In this area using PyPy is usually a win, but nowhere near close to what
you get in algorithmic code. This is also the area where a bottleneck
can be anything or it might even not exist in a single place at all, hence
rewriting to C or shedskin or Cython might simply not be infeasible.

This is also why writing a fast interpreter in Python that speeds up everything
over CPython is hard - the bottleneck might be in string processing, regular
expressions, bz2 module, file reading, executing complex functions
with *args and **kwds, json importing or even deepcopy module. Every single
aspect of this should be fast enough or preferably even faster.
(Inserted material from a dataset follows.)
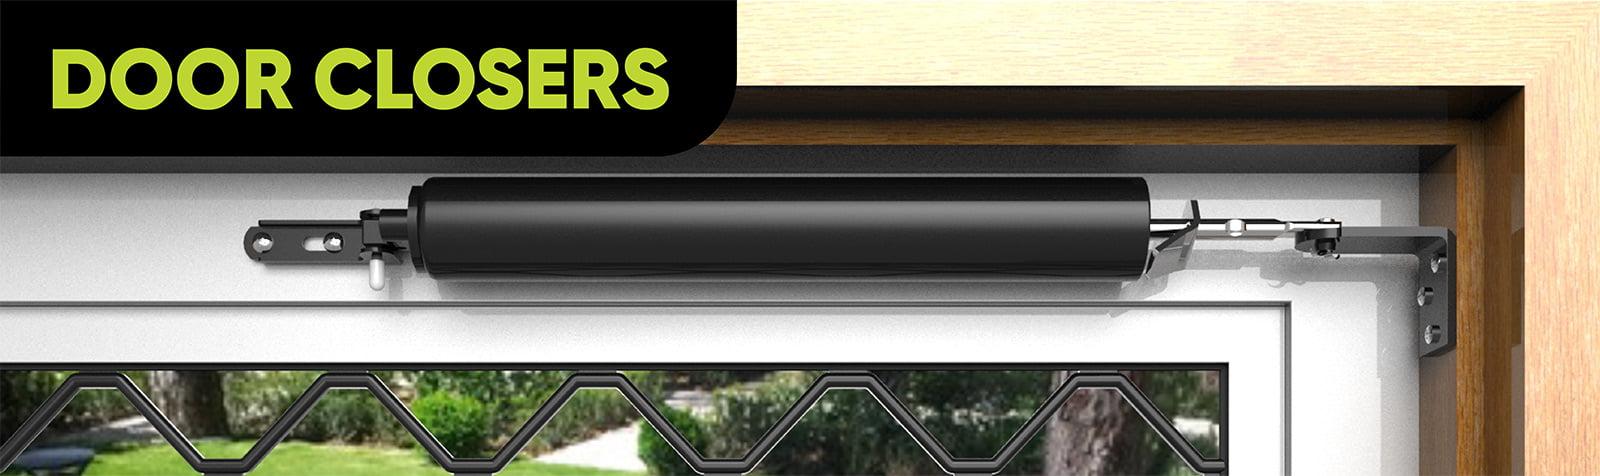 Door Hardware Door Closers Category Banner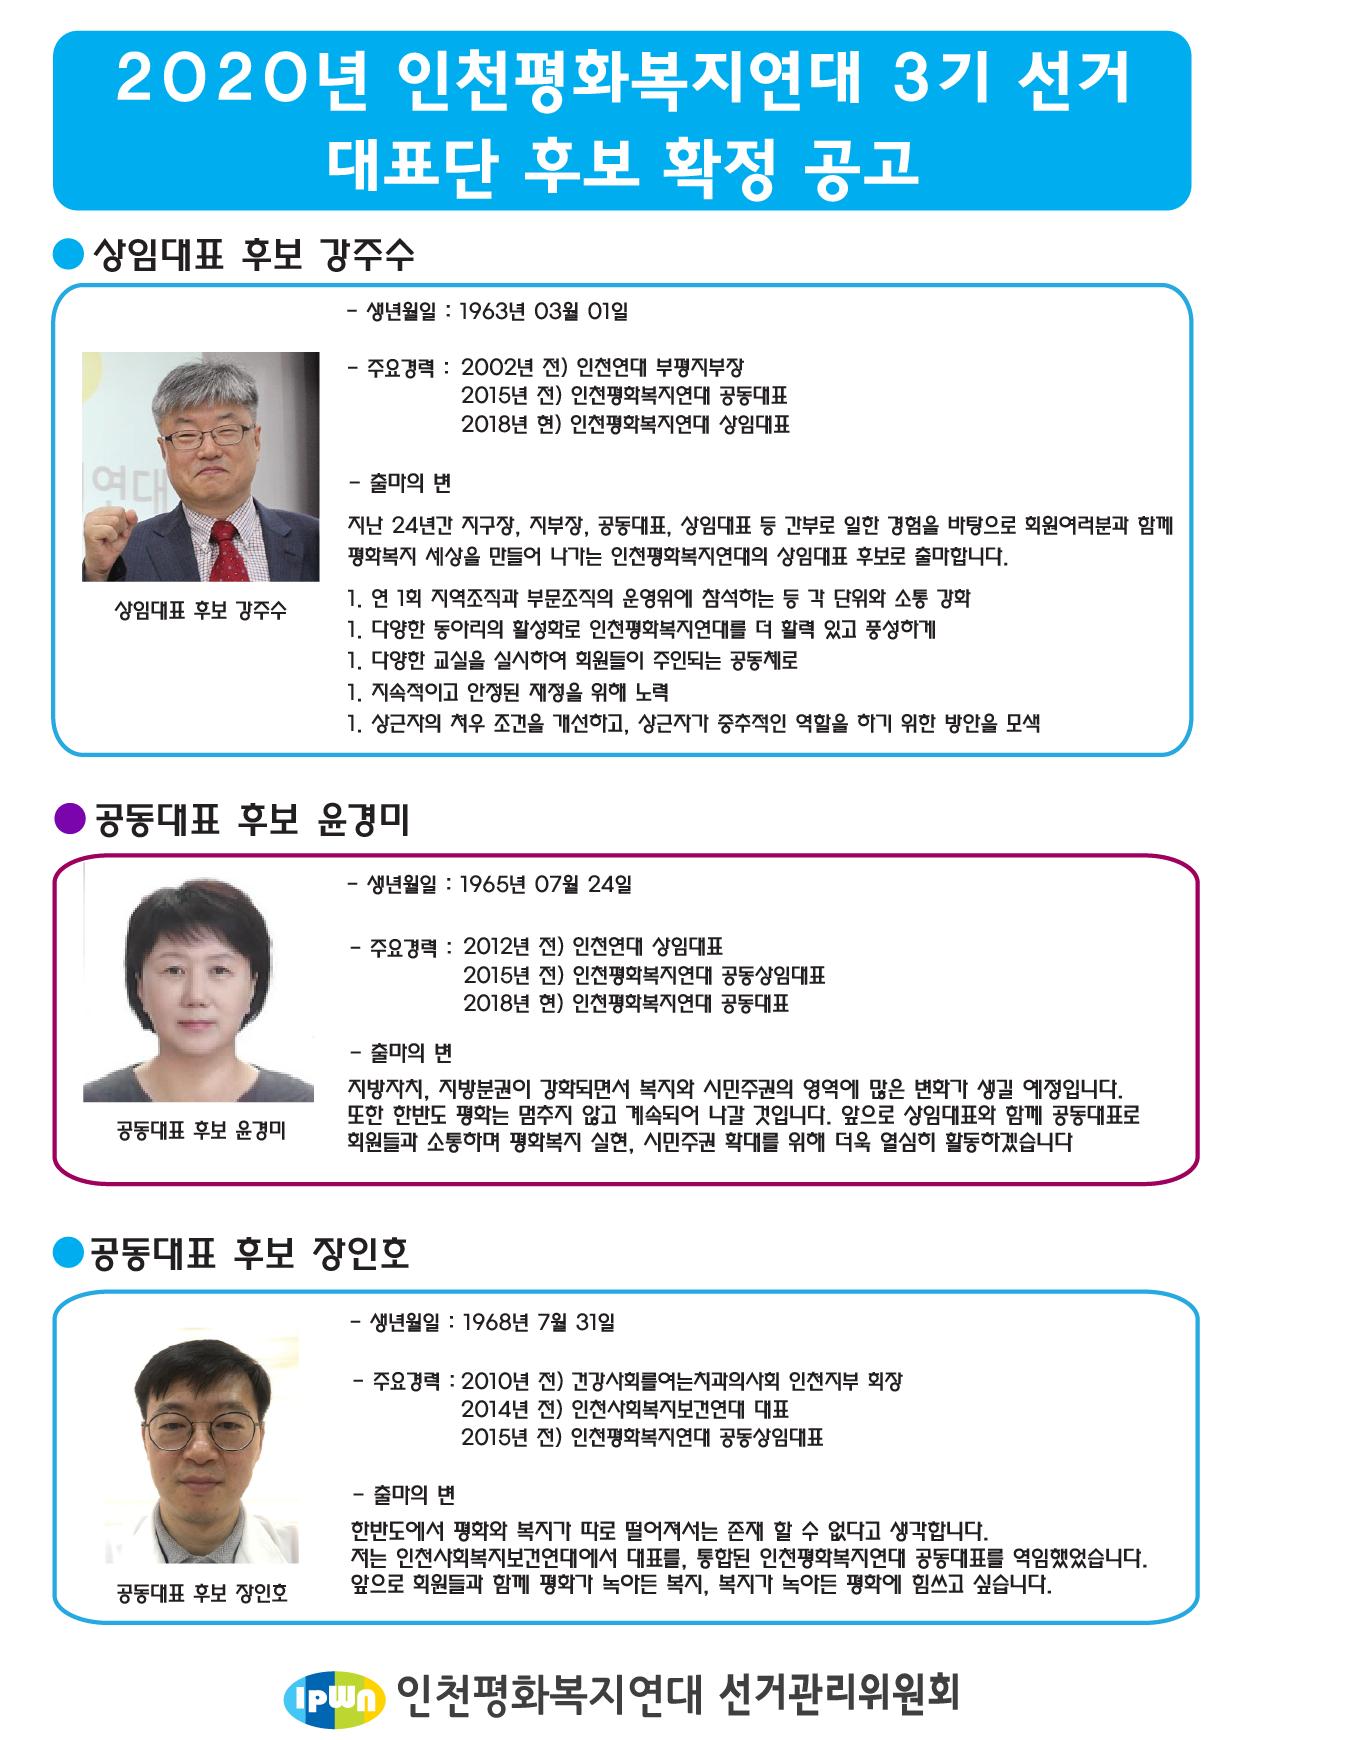 2020인천평화복지연대 대표단 후보 공고.png

This is simply
something that's in my opinion unprecedented - people don't only want a fast
language that's pretty rich on it's own - they also want a very vast and fast
standard library.

So, how fast PyPy really is?

The answer is - it depends. You should go and measure yourself and most
certainly you should come to us and complain if it's too slow. We love
slow benchmarks and we'll be happy to help you.